Este sistema tuvo digamos “dos vueltas de tuerca”, ya que existieron ostros dos estándares como fueron los HSUPA (High-Speed Uplink Packet Access) y HSPA+ (HSPA Evolucionado). Con este último se consiguen velocidades de hasta 84 Mbps de bajada y 22 Mbps de subida. La gran ventaja que esta evolución provocó fue que al fin existía una conexión suficientemente potente en lo que a subida de archivos se refería.

La primera gran revolución: 4G

La tecnología 4G nacida en la década de los 2010, supuso una revolución, no solo porque la velocidad de conexión se multiplicó por mucho, sino porque empezó a significar un cambio en la mentalidad de las personas. Con esa conexión ya se podía ver una película en el móvil sin problemas o se podría subir un archivo a la nube sin tener que esperar un montón de minutos, por lo que la forma de entender los dispositivos móviles cambio por completo.

4G

Hoy en día es la conexión de alta velocidad más extendida en nuestro país. Es también conocida como LTE (Long Term Evolution) y está basada en el estándar 3GPP. En teoría las velocidades entre las que se mueve esta conexión son hasta los 150 Mbps de bajada y los 50 Mbps de subida.

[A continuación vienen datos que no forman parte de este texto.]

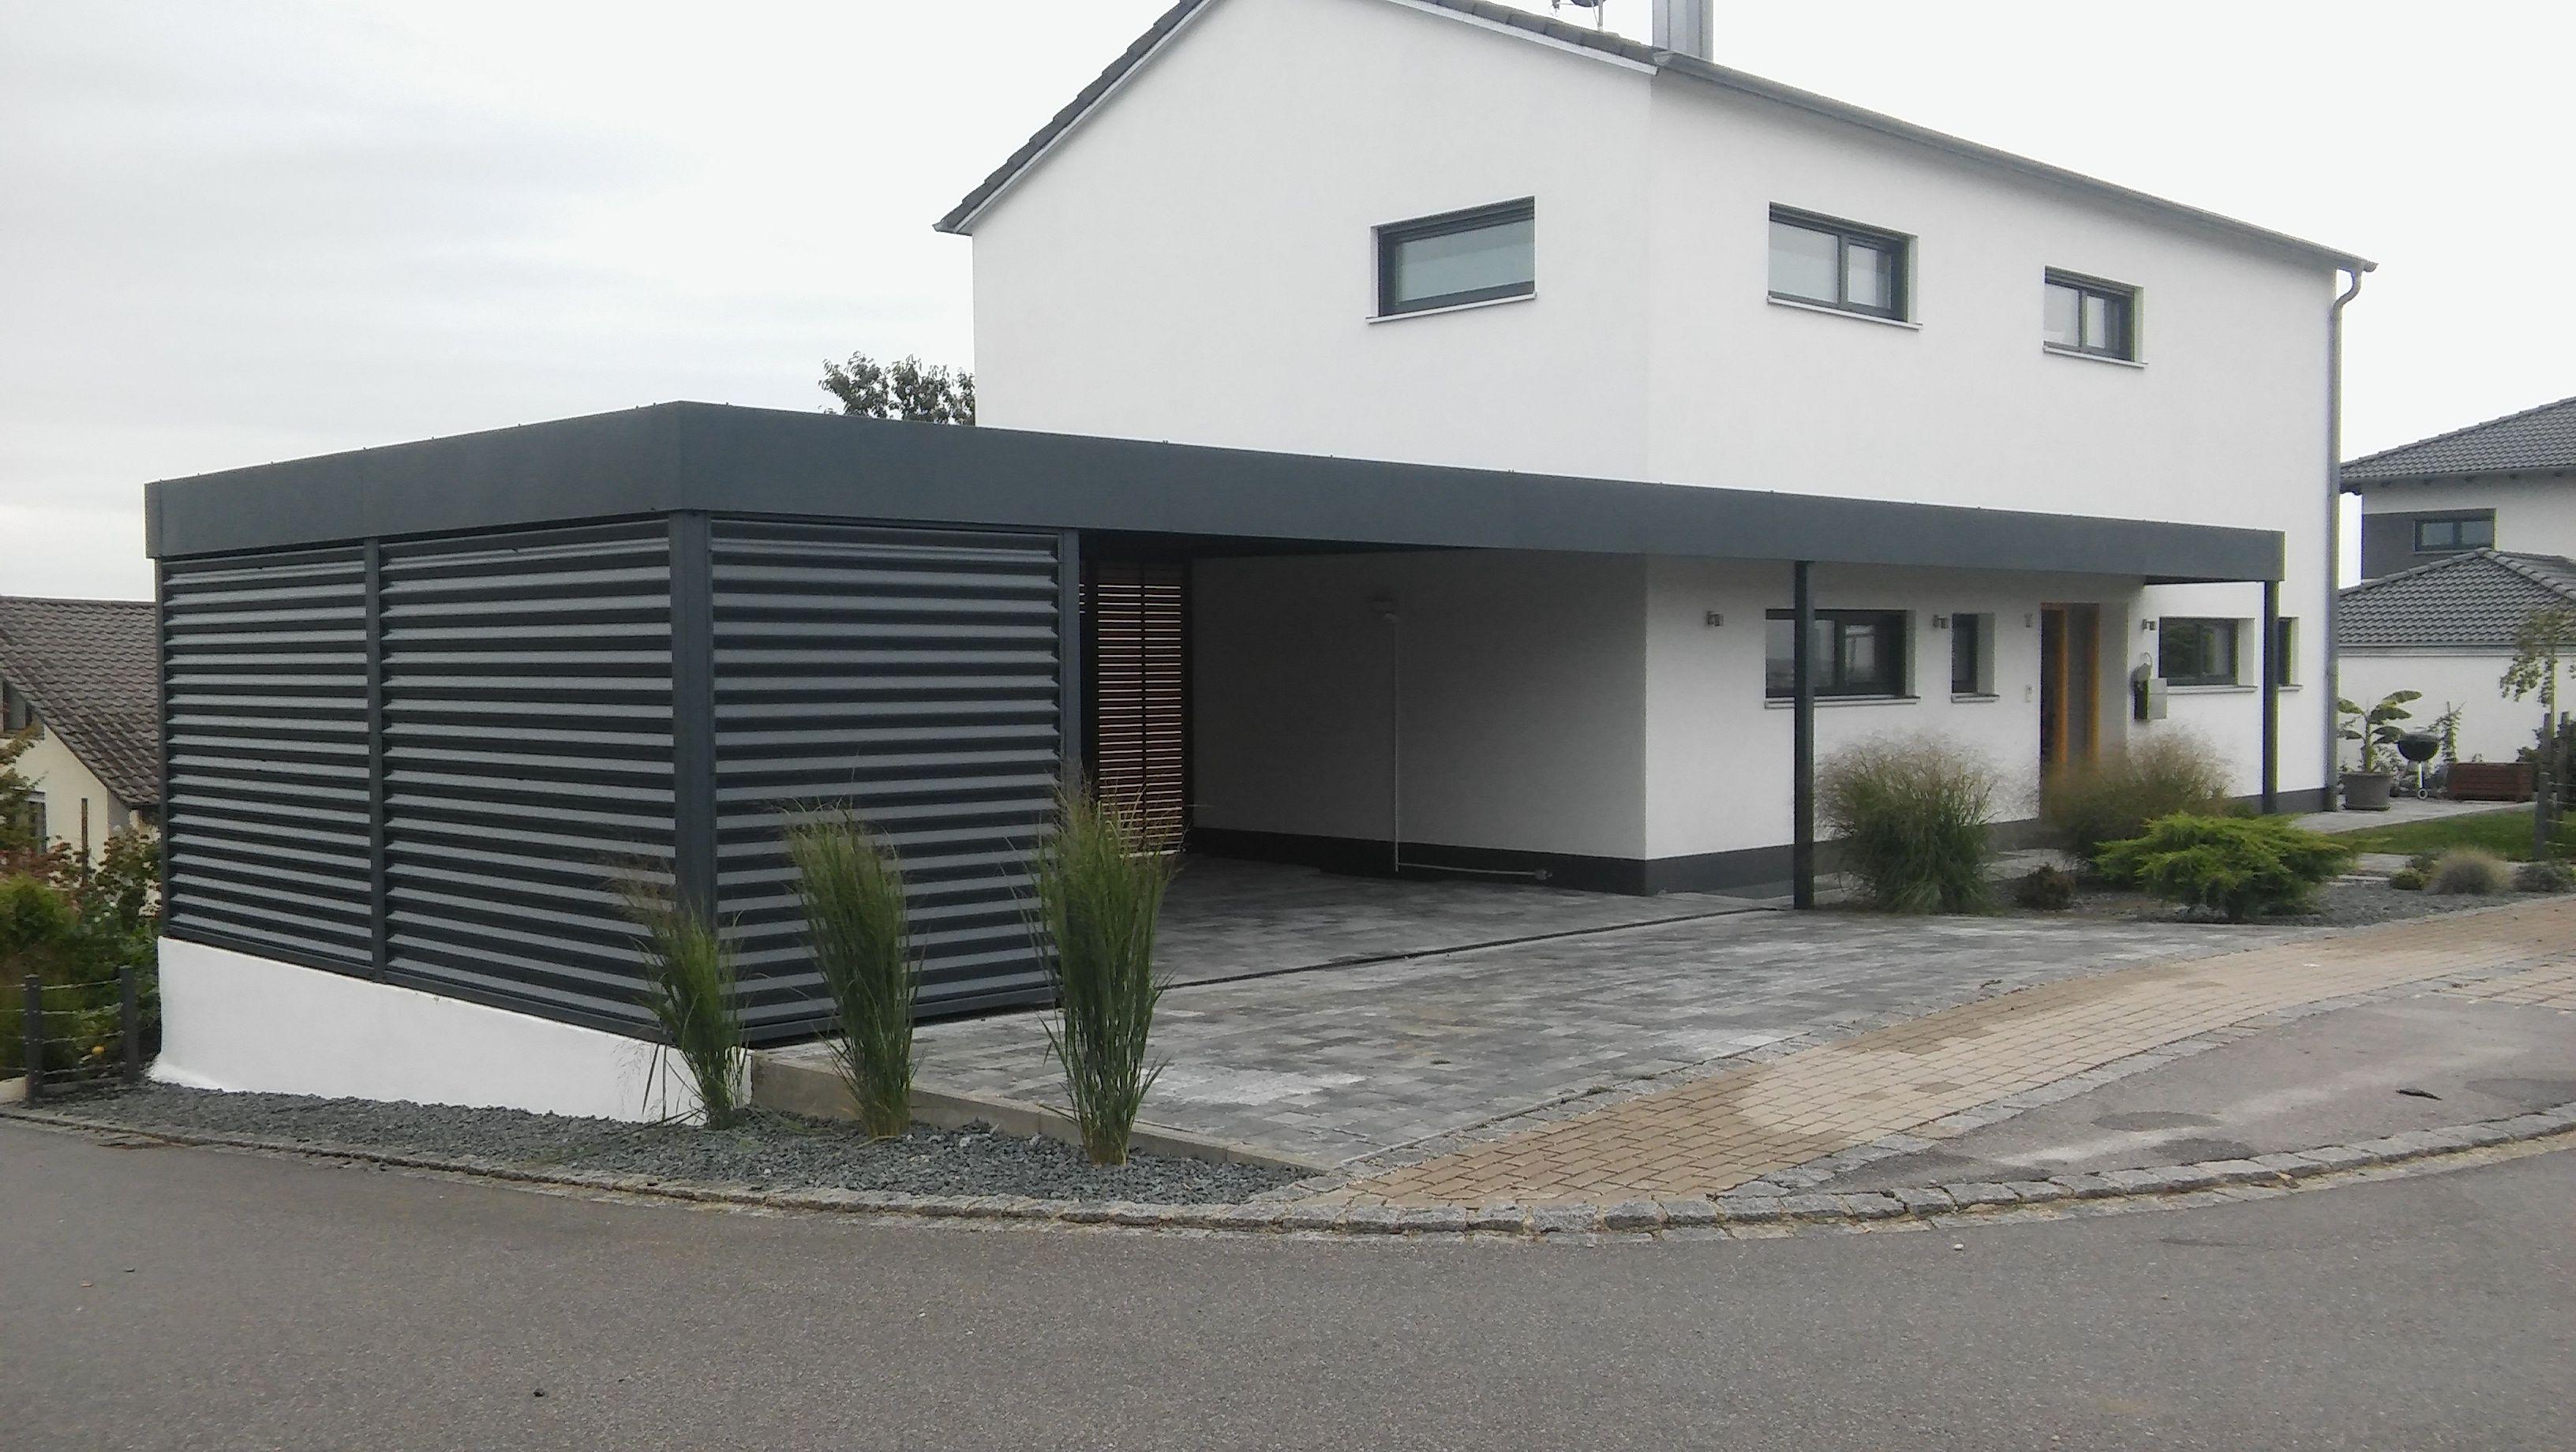 moderne carports in 2019 architecture carport. Black Bedroom Furniture Sets. Home Design Ideas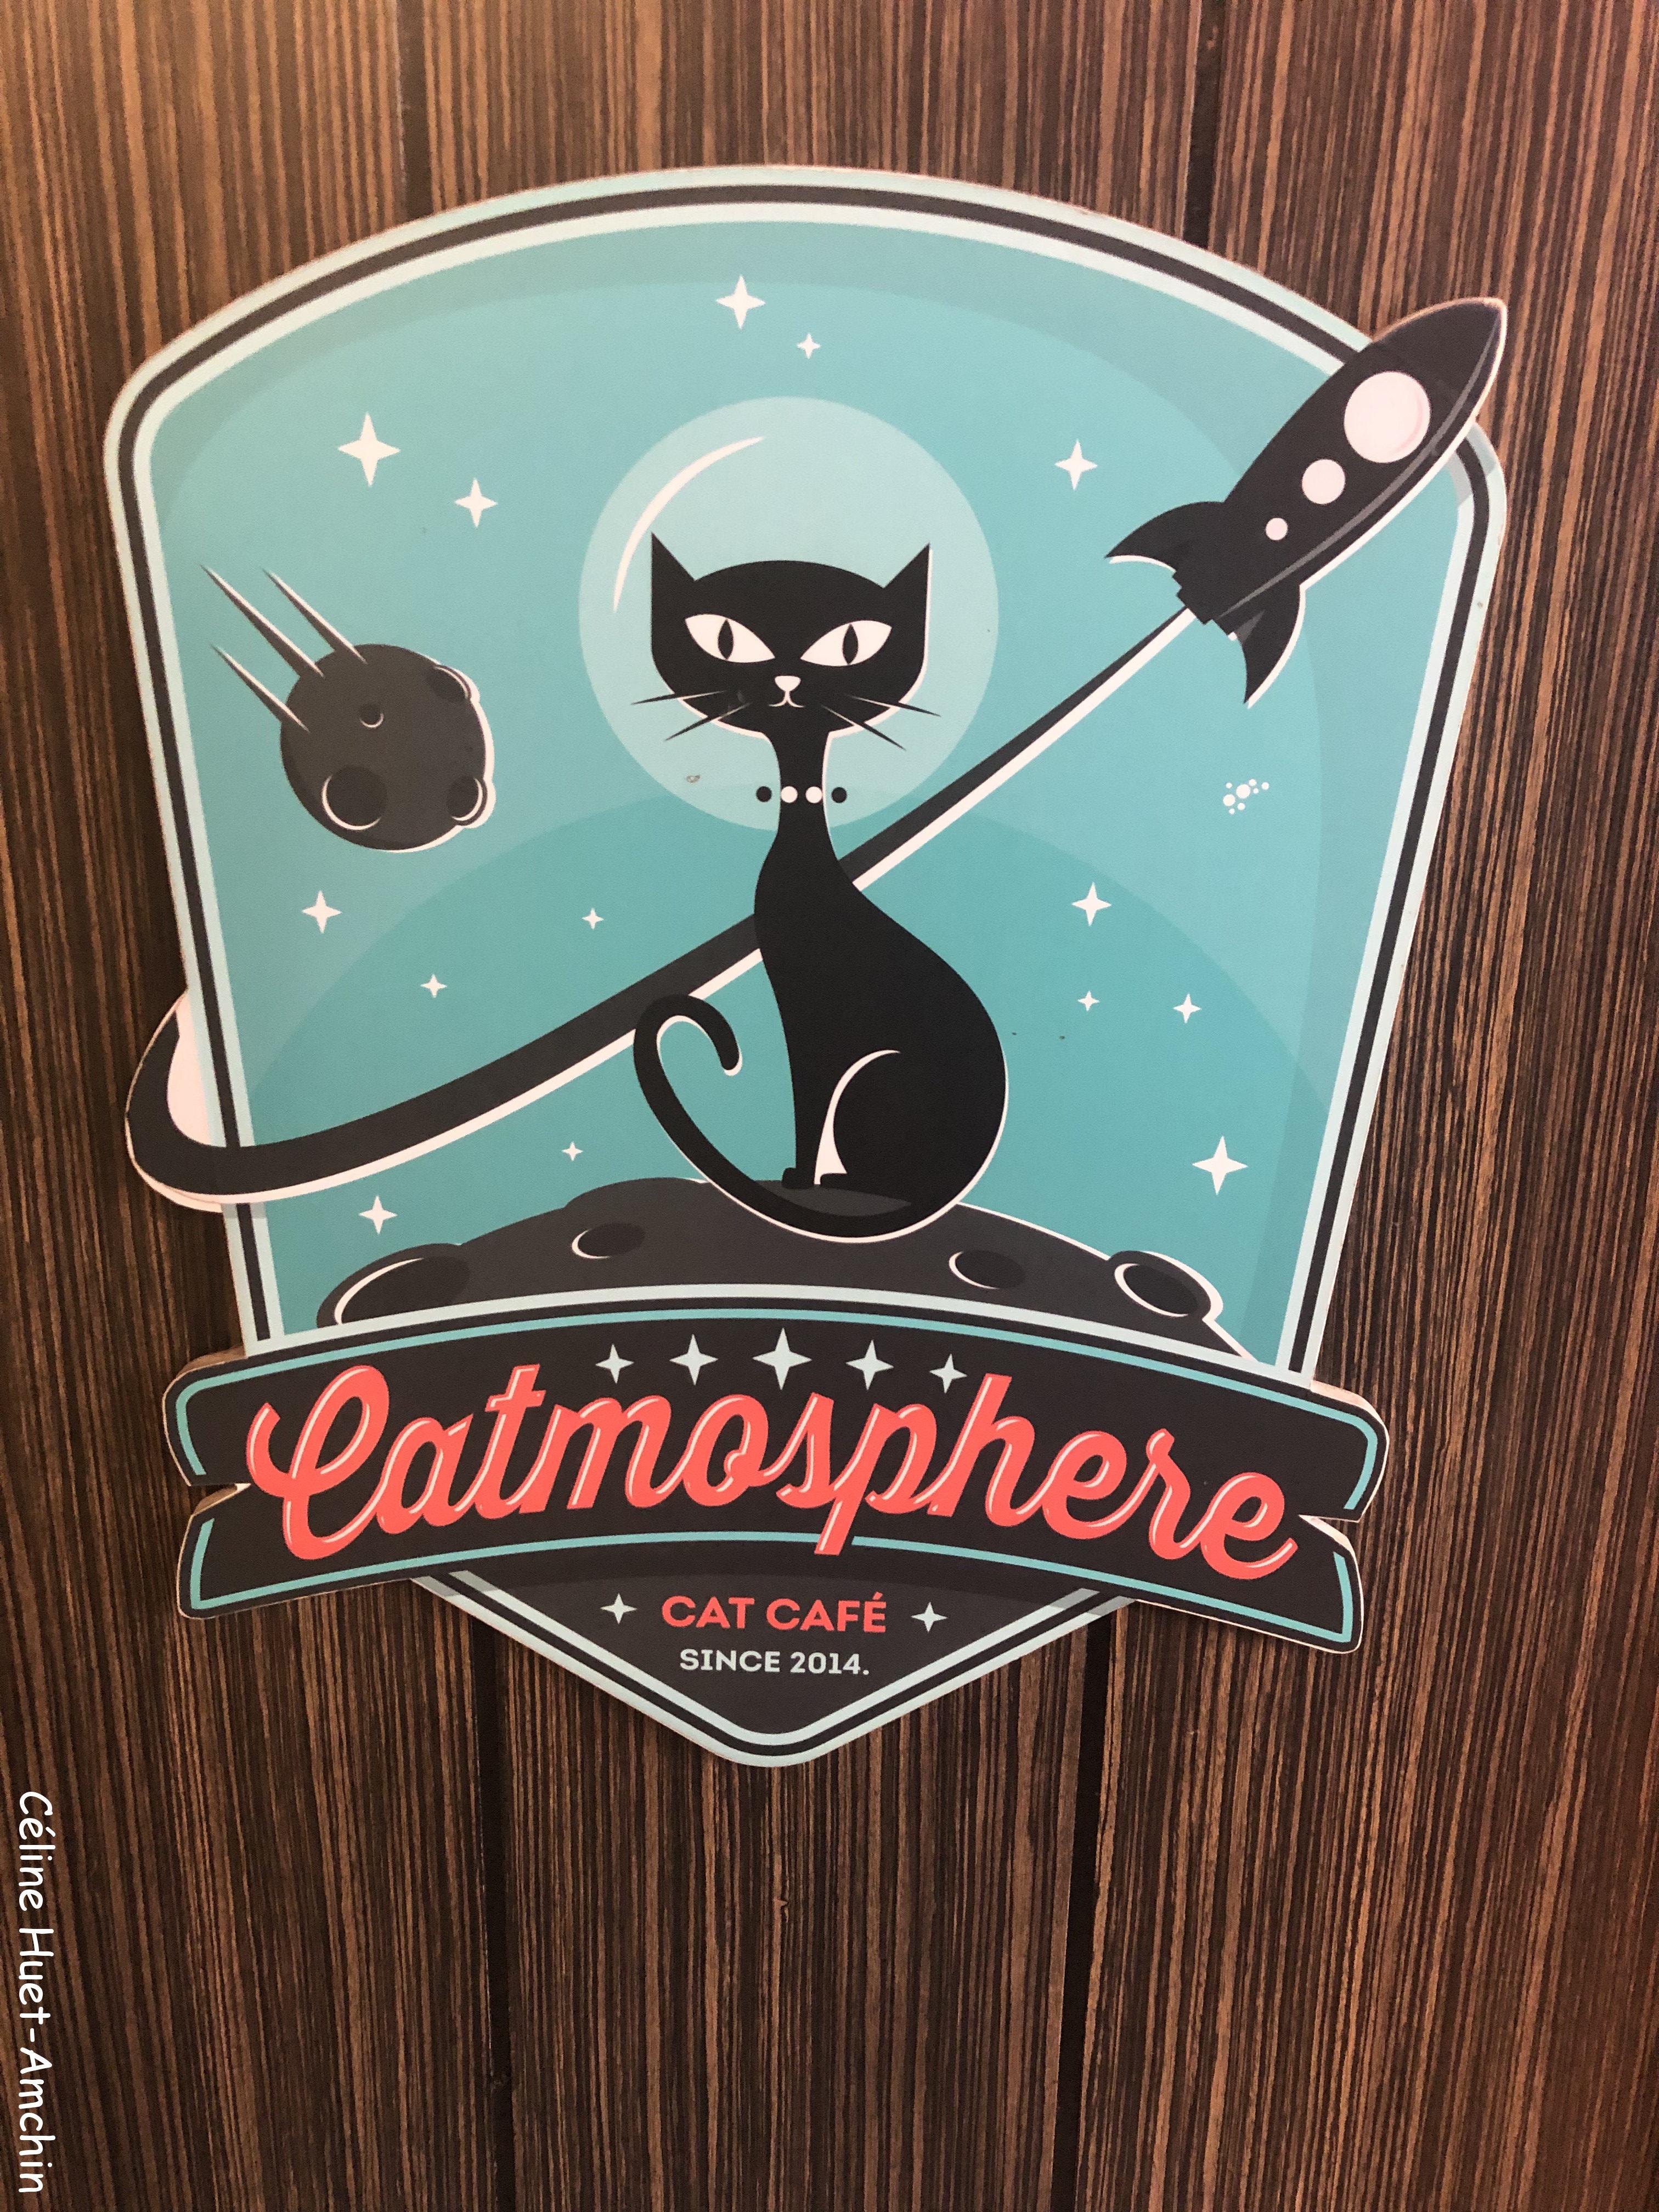 Catmosphère Cat Café Chiang Mai Thaïlande Asie

El futuro ya está aquí: 5G

La macroevolución que promete el 5G para nuestras vidas es realmente impresionante. Es España ya hay bastantes zonas que tienen esta nueva tecnología de red inalámbrica, pero lo cierto es que su implantación definitiva aún llevará tiempo, ya que el 5G verdaderamente real, aún está en camino.

Existen dos tipos de tecnología 5G, la NSA (Non Standalone) y la SA (Standalone). El primero de ellos (NSA) no permite operar de manera autónoma en redes 5G, por lo que necesita el apoyo de las infraestructuras del 4G actual. Es decir, la comunicación entre nuestro dispositivo y la antena se hace con el nuevo estándar, pero la comunicación entre antenas se realiza con el 4G, por lo que nunca podremos tener las velocidades reales del 5G. Con la tecnología NSA se consiguen hasta 2 Gbps de bajada y de hasta 150 Mbps de subida.

5G

El estándar Standalone (SA), es el que tiene la capacidad de operar de manera autónoma y, por lo tanto, es el que podemos hablar como que es el 5G real. La latencia es de tan solo un milisegundo, algo extraordinario, consiguiendo velocidades de hasta 20 Gbps.

Está claro que todo esto acabará llegando a todo el territorio español y para cuando eso ocurra, tecnología como el GPRS o el UMTS, parecerán absolutamente obsoletas, si es que ya no lo parecen ahora mismo.

Ciencia ficción: 6G

Se espera que podamos conocer este nuevo sistema de conexión allá por el año 2030 y nos traerá novedades que, hoy en día y sin tener el 5G instaurado aún, nos suena a ciencia ficción:

  • Las velocidades de las que hablaremos se medirán ya en Terabytes.
  • Se presupone que su cobertura será mucho mayor de la que conocemos ahora mismo y que sería el primer sistema de conexión inalámbrico presente en todas las partes del mundo.
  • El consumo con respecto al 5G será mucho menor por lo que será positivo para muchos ámbitos de la vida.
  • La latencia mucho más baja de lo que podrá ser nunca el 5G, lo que significa que conoceremos limites que ahora son insospechados.
  • Será clave para la revolución robótica.